# ACTION ITEM:
Lift out, unaltered, the lines of the material below between the line holding "موسى ديابي في" and the line holding "DICI FEEDER LYXOR", counting both.

# EXTRACTED INFORMATION:
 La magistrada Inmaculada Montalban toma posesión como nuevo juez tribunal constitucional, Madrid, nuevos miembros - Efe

--

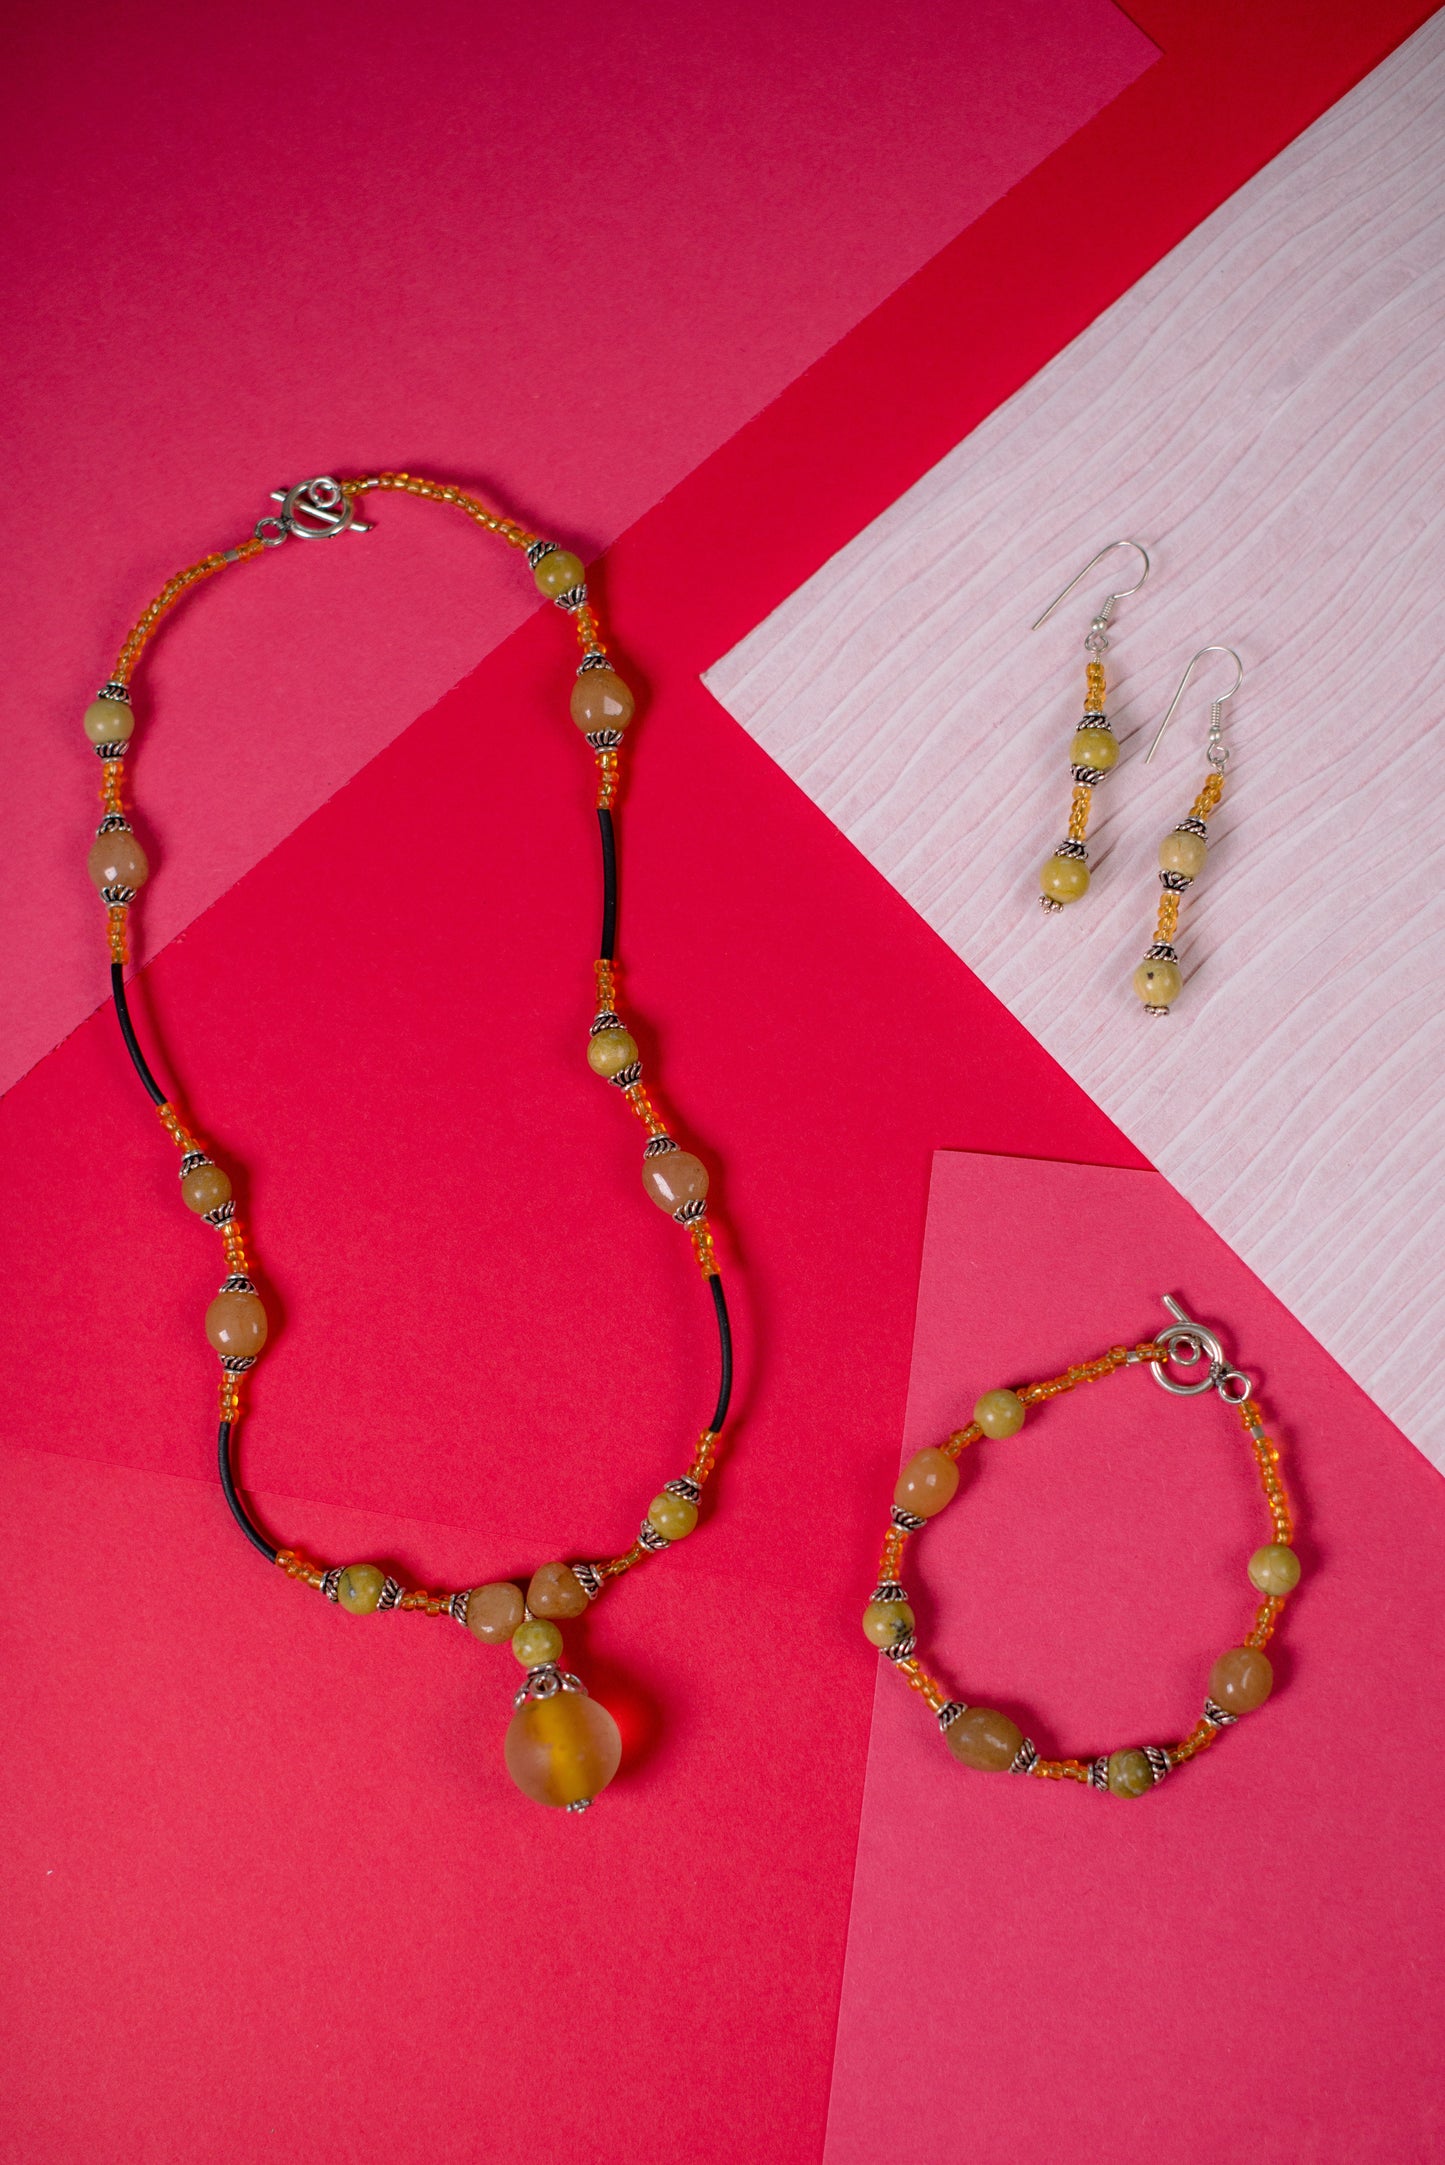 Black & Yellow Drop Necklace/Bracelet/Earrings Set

--

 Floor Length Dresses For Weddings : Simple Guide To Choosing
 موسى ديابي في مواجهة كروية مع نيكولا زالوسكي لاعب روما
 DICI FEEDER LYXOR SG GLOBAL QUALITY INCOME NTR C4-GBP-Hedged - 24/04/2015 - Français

# RESPONSE:
 موسى ديابي في مواجهة كروية مع نيكولا زالوسكي لاعب روما
 DICI FEEDER LYXOR SG GLOBAL QUALITY INCOME NTR C4-GBP-Hedged - 24/04/2015 - Français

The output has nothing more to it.